Ni siquiera es lo que nos vende en principio Pahlaniuk. El cómic empieza con el regreso de Tyler Durden tras el aburrimiento de Marla Singer después de casi una década de casados con el protagonista, ahora de nombre Sebastián (lo cual es un error, ya que la ausencia de nombre en el original permitía concebirlo como un ente despersonalizado en el cual proyectarse el lector u otras personas próximas a él), decide cambiarle las pastillas. El problema llega cuando la historia comienza a desentrañarse. Ya no son las pastillas, sino la hipnosis, que tampoco, pues resulta que Durden es un arquetipo, un meme y, probablemente, o un dios o un demonio, todo al mismo tiempo, en una historia que va dando bandazos aquí y allá hasta excusarse, de un modo que sería más convincente sino tuviera un ritmo nefasto o personajes a medio construir, en un número final netamente metatextual en el cual el propio Pahlaniuk aparece en escena para burlarse de los fans de El club de la lucha.
Nada tiene sentido. Todo acaba siendo un precipitarse desquiciado de formas más o menos ingeniosas, con números enteros que apenas sí encajan dentro de la historia, que puede justificarse o bien en la broma metanarrativa o bien en el puro caos conceptual. Como si el propósito del meme Tyler Durden fuera en sí mismo destruir desde dentro la obra.
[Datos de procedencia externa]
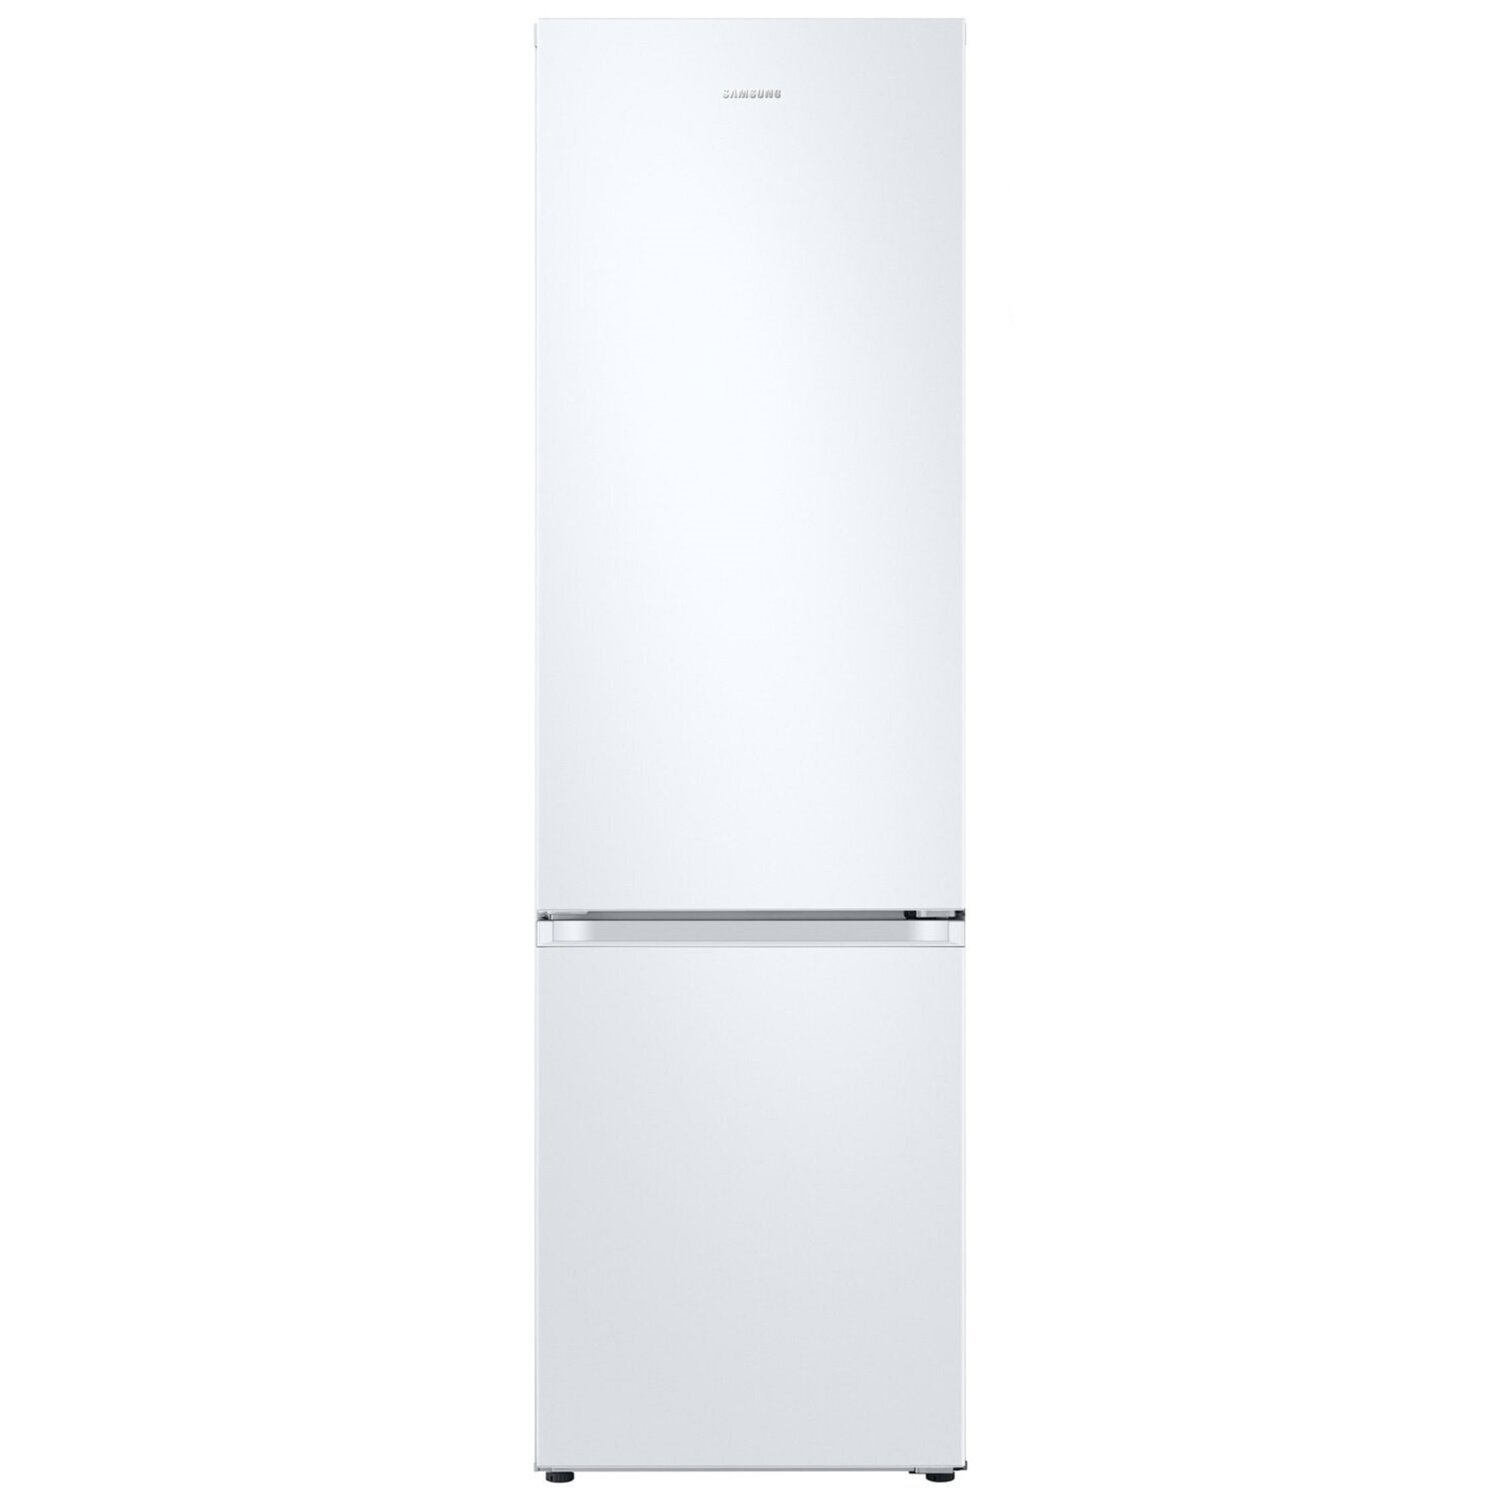 Холодильники Samsung с технологией No Frost

Es precisamente en ese segundo sentido a través del único que puede salvarse la obra. Si entendemos todo como un work in progress, que la realidad en sí misma no existe —ni siquiera el Chuck Pahlaniuk que escribe El club de la lucha, que es aquí otra forma posible de la ficción — , entonces tiene sentido por la condición eterna de Durden. Existe, y existirá siempre, como la idea contagiosa capaz de infectarse a través de la ficción. Y lo será hasta el punto de ser capaz de manipular su propia realidad, que es la ficción.
El problema es que eso deja fuera al lector. Todo ocurre porque sí, porque es la voluntad creadora de un Durden por encima del bien y del mal, pero, por esa misma razón, permanece absolutamente ininteligible para el lector. Es imposible entender lo que intenta transmitir. O para ser exactos, podemos entender la significación metatextual que pretende realizar Pahlaniuk, la cual dice explícitamente a través de sus personajes, pero nunca podremos entender la razón exacta por la que actúe Tyler Durden. Y para que un memé sea contagioso primero debemos entenderlo, aunque sea a un nivel primario.
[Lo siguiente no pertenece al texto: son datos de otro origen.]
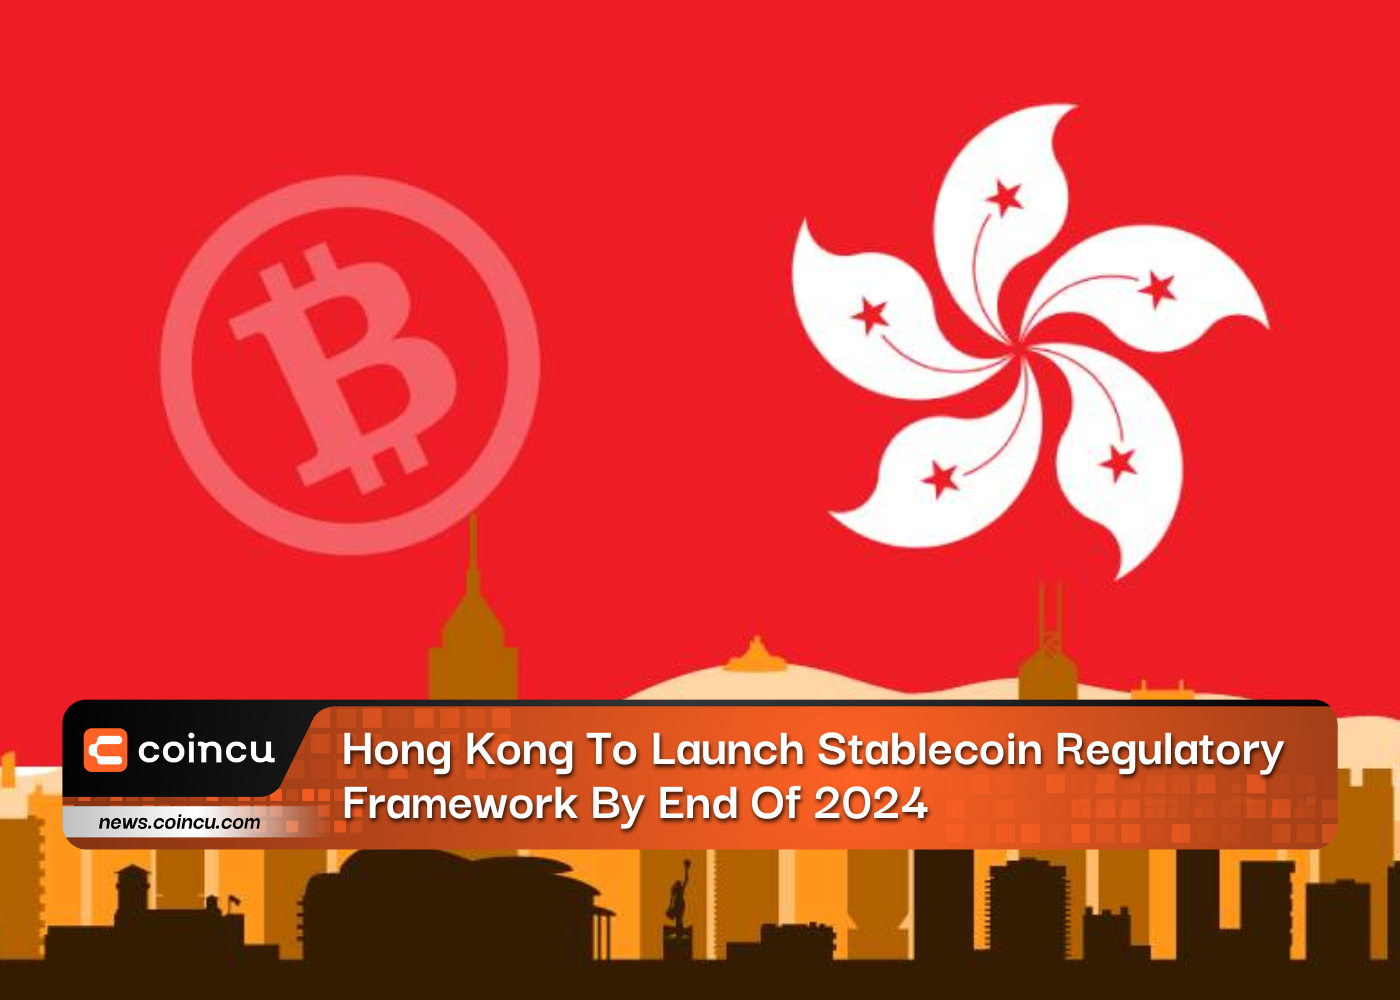 Hongkong wird bis Ende 2024 einen Regulierungsrahmen für Stablecoins einführen

El club de la lucha es ya hoy un sistema abierto. Carece de original, es una copia de sí misma. Un sistema vírico, infectado en la mente de millones de personas, generando variaciones propias según cada individuo particular. Y para explicar que la obra está más allá del autor o de los fans, que la obra en sí misma crea su propia realidad, incluso si es ininteligible, no hacía falta que la obra fuera ininteligible. Bastaba con que el meme lo fuera.